How? How are they turning kids off reading? Is reading the Newbery winner compulsory? Honestly, articles like this, with these unfounded assertions, give me the pip.

Jules, you're welcome.

Judith, I think the idea is that kids could get turned off to reading because of what some deem as inaccessible books. But that only happens, of course, if the books are forced on children.

I do think that there's a disconnect between the public perception of the award (best book for kids 8-12) and the award's raison d'etre ("the most distinguished contribution to American literature for children published in English in the United States during the preceding year").

By bringing the discussion out beyond the borders of the children's literature world, maybe a better general understanding of the Newbery will come about. For instance, until I started blogging a few years back, I did not know that the Newbery and Caldecott came from the American Library Association.


I read the Post article last night. I'm the kind of person who believes that opening a debate on a subject can be a good thing. It makes a person re-examine and reflect on his/her thoughts, beliefs about the subject.

I have often wondered why so few poetry books or humorous books are considered as a "most distinguished" book of the year. I believe it was a couple of decades ago when the question was brought forth (It may have been in The Horn Book) asking why so few nonfiction books were deemed worthy of a Newbery Medal.

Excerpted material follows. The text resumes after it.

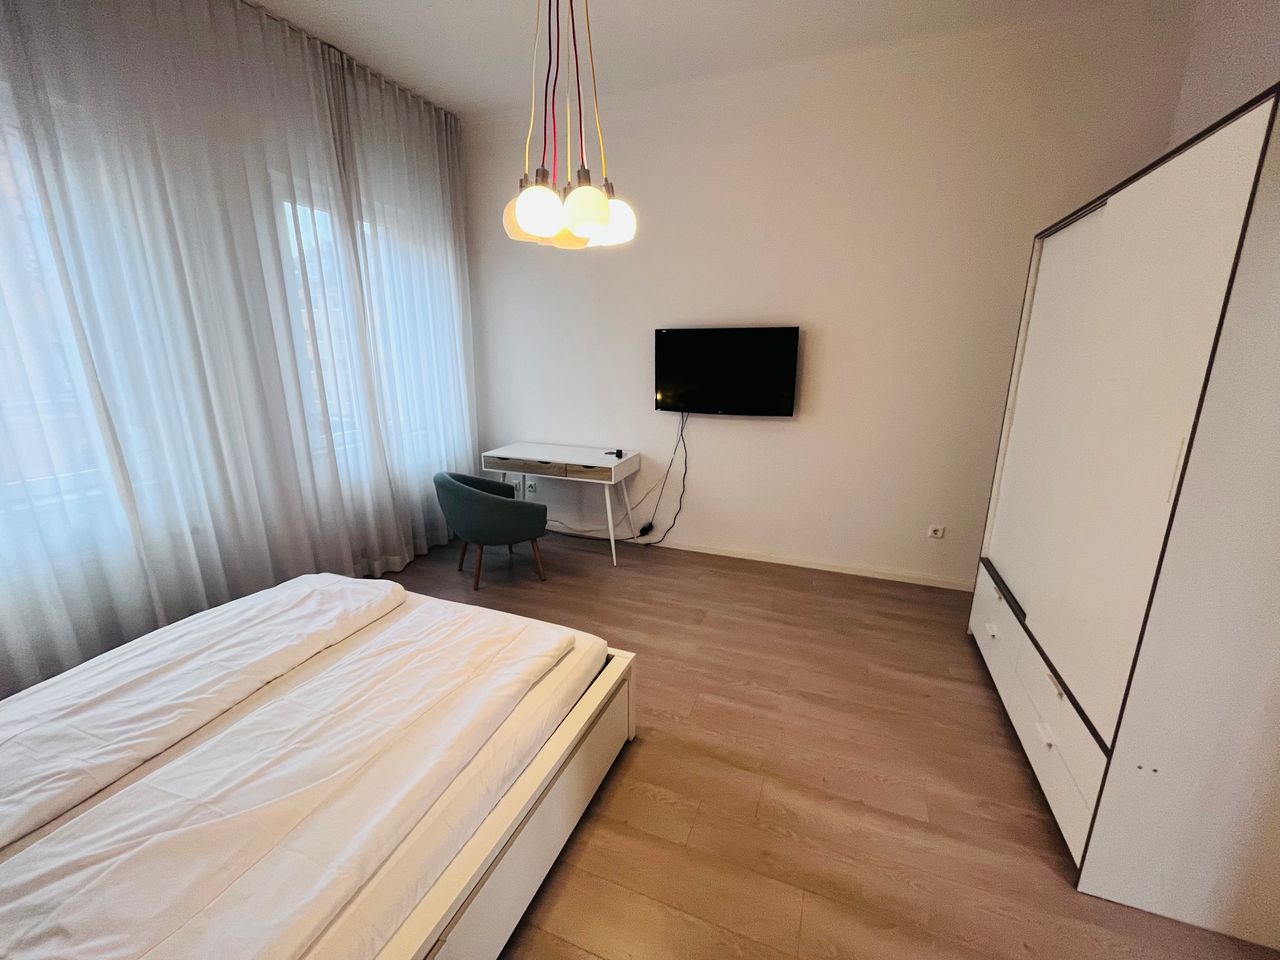 Wonderful & new suite in Erlangen

Elaine, what was the last poetry winner of the Newbery? Joyful Noise? And, I agree, more humor--and more nonfiction--would be most welcome.


Yes, JOYFUL NOISE received the Newbery Medal in 1989. A VISIT TO WILLIAM BLAKE'S INN got the award in 1982. In 2002, Marilyn Nelson's book CARVER: A LIFE IN POEMS received a Newbery Honor.
I think that's about it. Some might consider the monologues in GOOD MASTERS! SWEET LADIES! to be poems--but the book is classified as drama.